Development Conventions¶

This document describes the coding and configuration conventions used across the MLOps Platform so you can contribute and extend it consistently.

Project Layout¶

configs/ — Central YAML/JSON configs; main entry is pipelines_config.yml for all pipelines.

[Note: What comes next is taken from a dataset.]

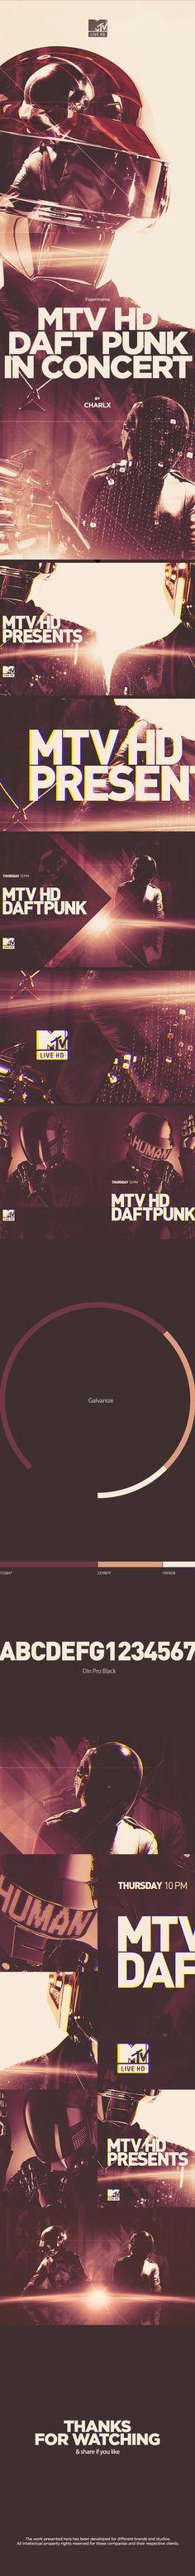 motion graphics/ storyboards/ styleframes | MTV HD | DAFT PUNK

ETL scheduler configs live here too.
mlops/ — Core package: etl/ (pipeline types, extractors, loaders, transformers), storage/ (local + S3 I/O), training/ (LightGBM trainer, deploy bundle), prefect/ (flows, deployments).
scripts/ — Entry points: run_*_pipeline.py for each pipeline, etl_scheduler.py, deploy_flows.py, and helper scripts.
src/ — Optional domain/application layer (entities, use cases) if present.
docs/ — Documentation source (MkDocs); this site.
tests/ — Pytest tests.

Config Conventions¶

Central config¶

Pipeline settings live in configs/pipelines_config.yml.
Each pipeline has its own top-level key (e.g. tpl_genkey_pipeline, features_pipeline, training_pfm_detection_pipeline).
Scripts load the file and select the section by name (or via pipeline key for scheduler compatibility).

Paths and storage¶

Local: Use relative or absolute paths; relative are resolved from project root when running from repo.
S3: Use s3://bucket/key or set storage.type: s3, storage.bucket, and optional storage.prefix; then source_folder, output_folder, input_path etc. are resolved under that bucket/prefix.
Path resolution is done via mlops.storage.resolve_config_paths(config) at the start of each pipeline script.

Idempotency¶

Pipelines use a config hash (relevant keys only) and metadata files (e.g. training_metadata.json, offline_run_metadata.json) to skip work when config and inputs are unchanged.
ETL pipelines (TPL/GENKEY, Windows) skip files that already have output; Parquet–CSV uses overwrite: false and config hash.

Code Style¶

Formatter: Black (line length 88).
Imports: isort with Black-compatible profile.
Linting: flake8; optional mypy for type checking.
Docstrings: Prefer clear one-line or short multi-line descriptions; document parameters and returns where it helps.

Pipeline Script Pattern¶

Each run_*_pipeline.py script typically:

Parses CLI (e.g. --config, overrides).
Loads config from YAML/JSON and selects the right section.
Calls resolve_config_paths(config) for S3/local path resolution.
Checks idempotency (metadata + config hash); exits early if already run.
Runs the pipeline (async or sync).
Writes outputs and metadata (including hash for next idempotency check).

Naming¶

Config keys: snake_case (e.g. source_folder, output_folder, features_schema_file).
Pipeline sections: snake_case with _pipeline suffix (e.g. tpl_genkey_pipeline, feature_selection_pipeline).
Scripts: run_<name>_pipeline.py or run_<name>.py (e.g. run_tpl_genkey_pipeline.py, run_optimize_lgbm_hyperparameters.py).

Async Usage¶

ETL pipelines and the ETL scheduler use asyncio.
Entry points use asyncio.run(main_async(config)) or equivalent.
Prefect flows are defined with @flow and may call async pipeline code via run_in_executor or async entry points.

Testing¶

pytest; async tests use pytest-asyncio.
Place tests in tests/; mirror package layout where useful.
Run: pytest (optionally pytest -v --cov=mlops).

Pre-commit (optional)¶

If pre-commit is installed (pip install .[dev] and pre-commit install), hooks can run Black, isort, and flake8 on commit to keep the codebase consistent.